→ Input data
+===+

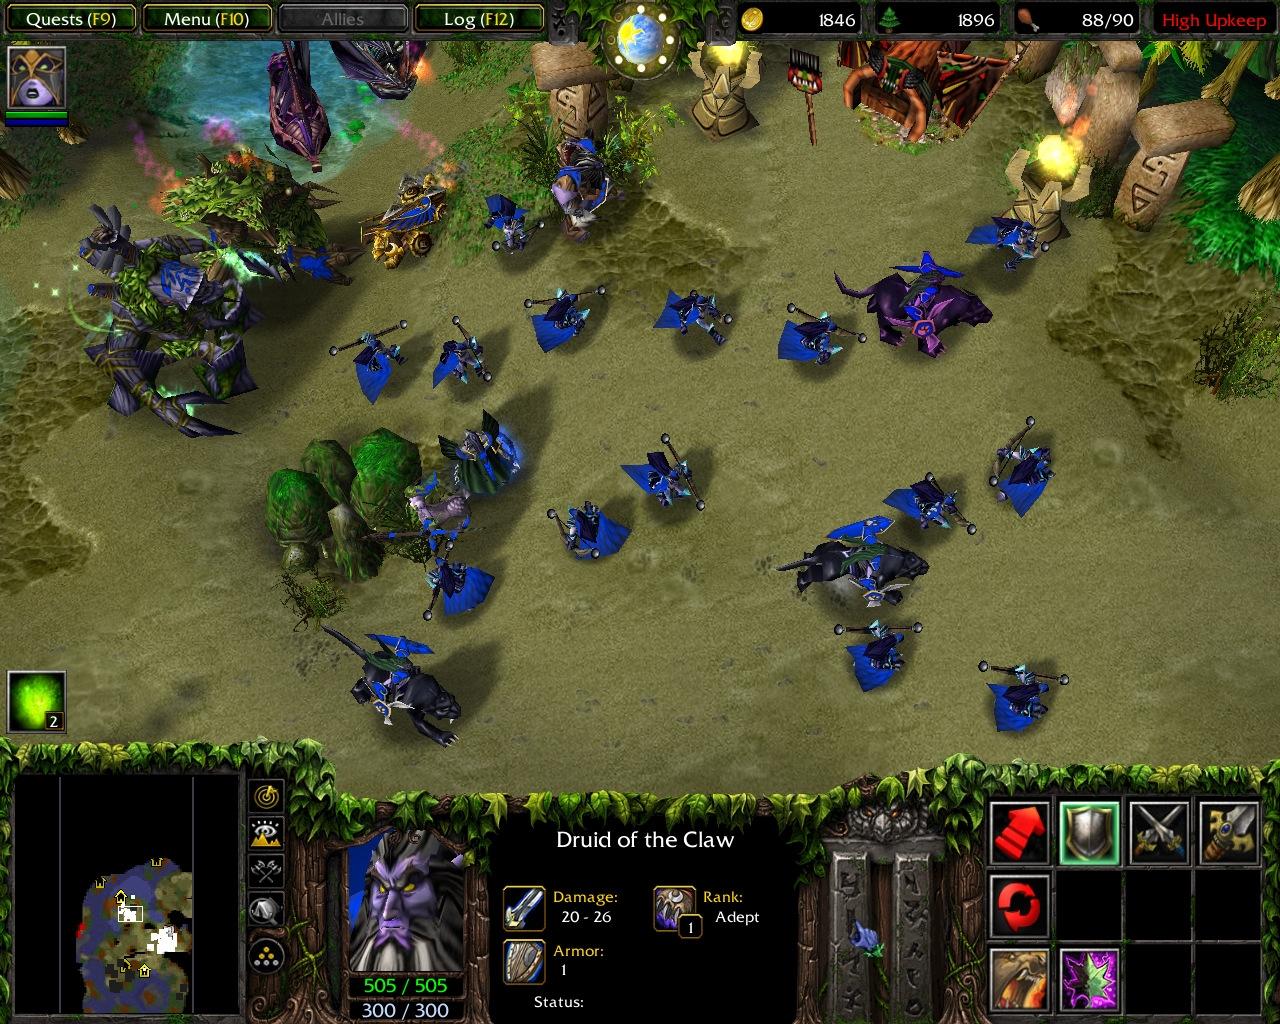 Warcraft 3 - Mac OS X : Warcraft III enfin compatible avec les processeurs Intel
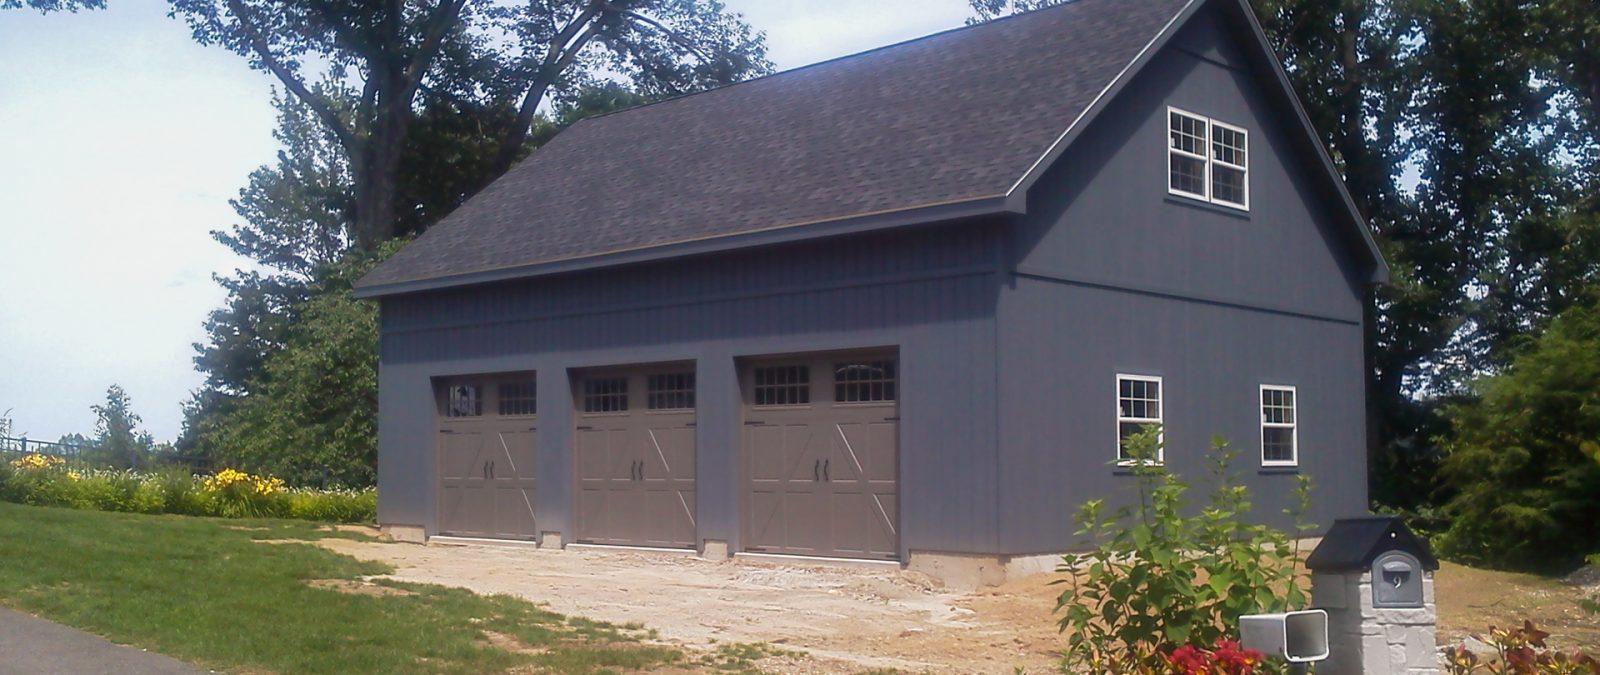 3 car garage with loft
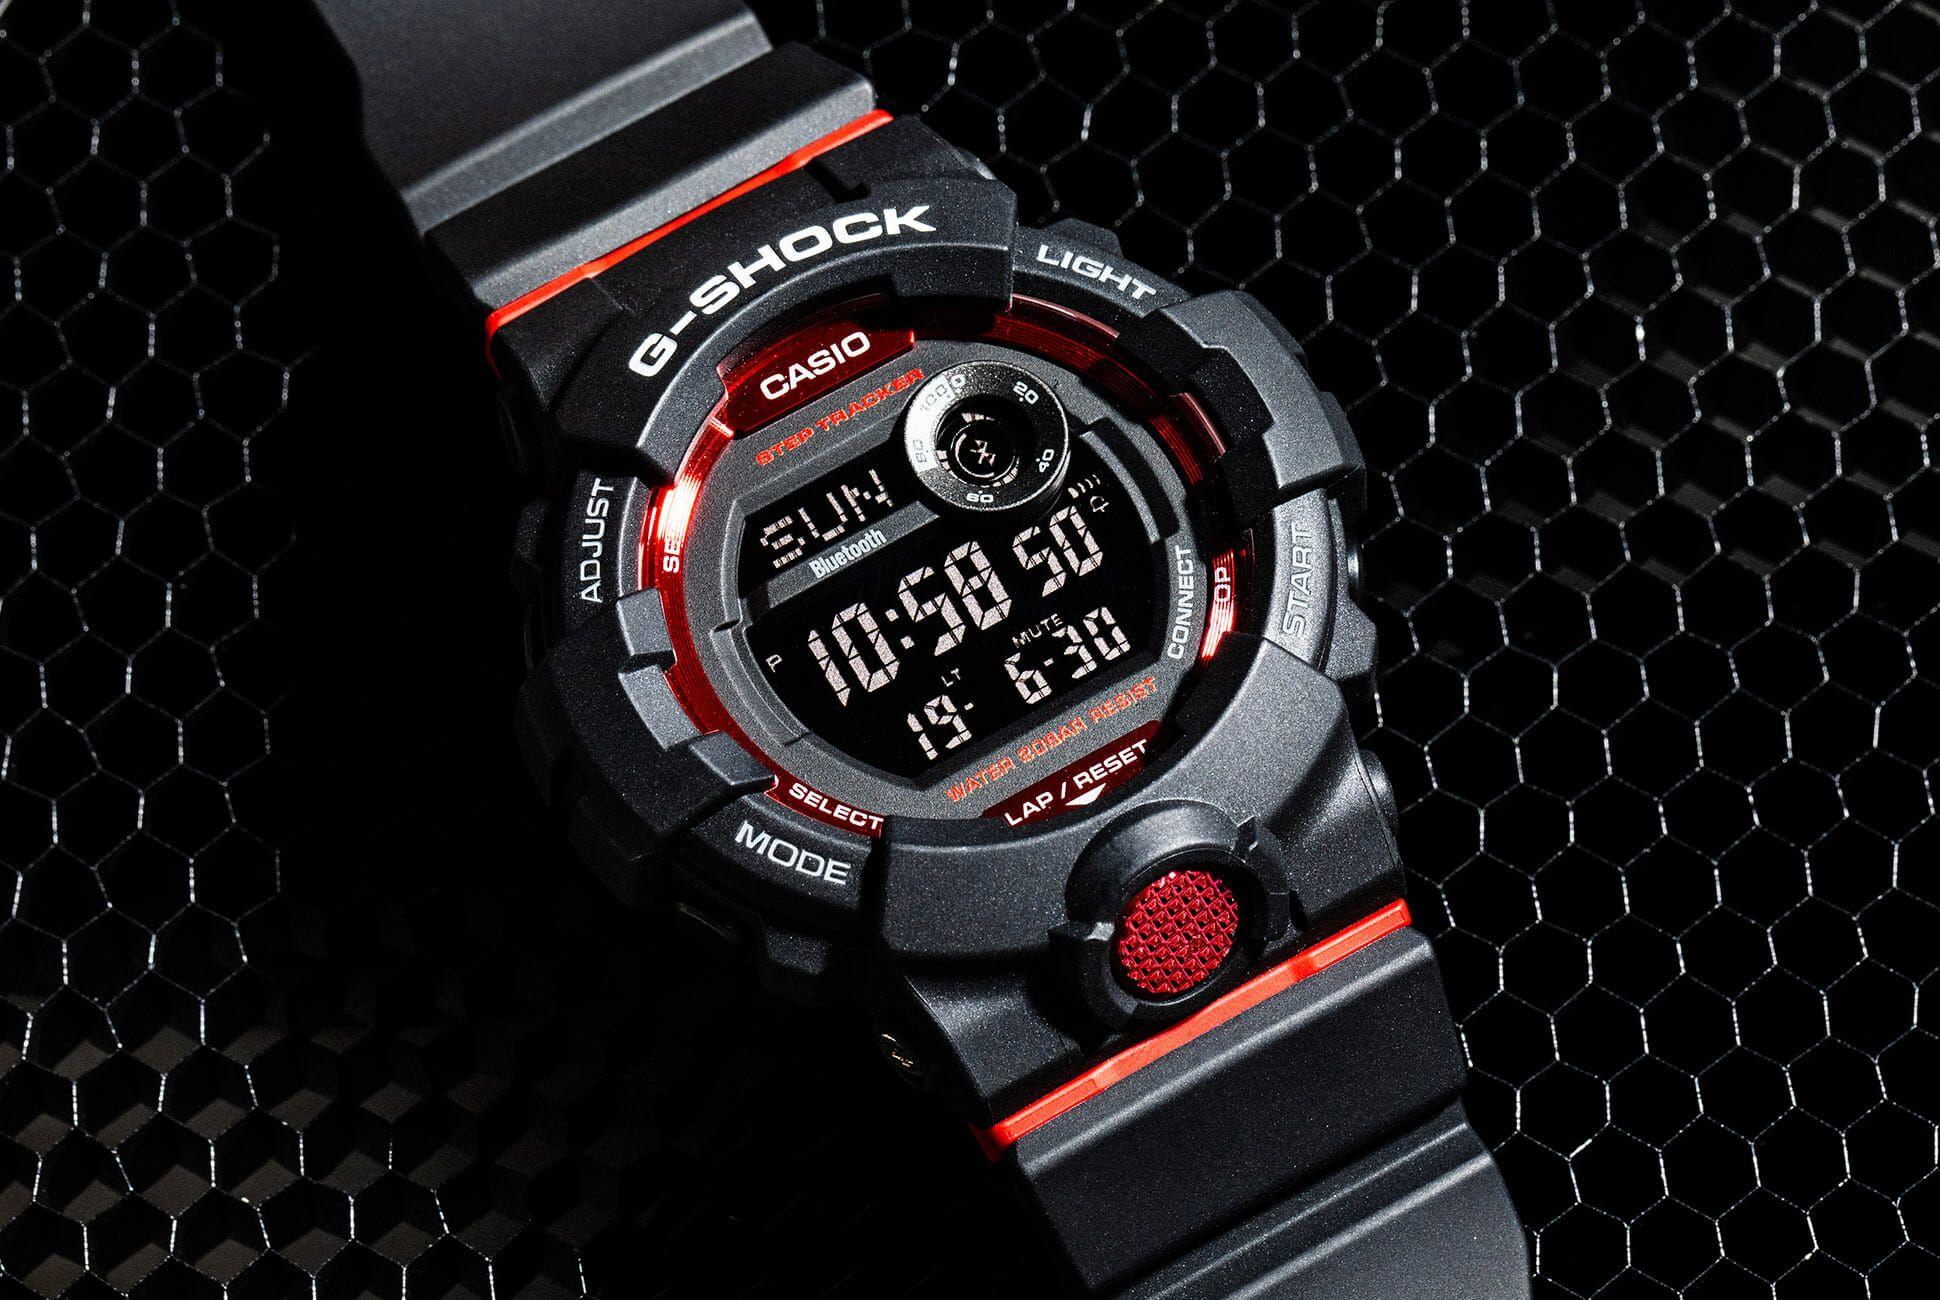 Sponsored-Casio-G-Shock-GBD800-gear-patrol-slide-1

+===+

All the lines above are to be given again exactly as they read, with the pictures removed.

→ Exercise answer
 Warcraft 3 - Mac OS X : Warcraft III enfin compatible avec les processeurs Intel
 3 car garage with loft
 Sponsored-Casio-G-Shock-GBD800-gear-patrol-slide-1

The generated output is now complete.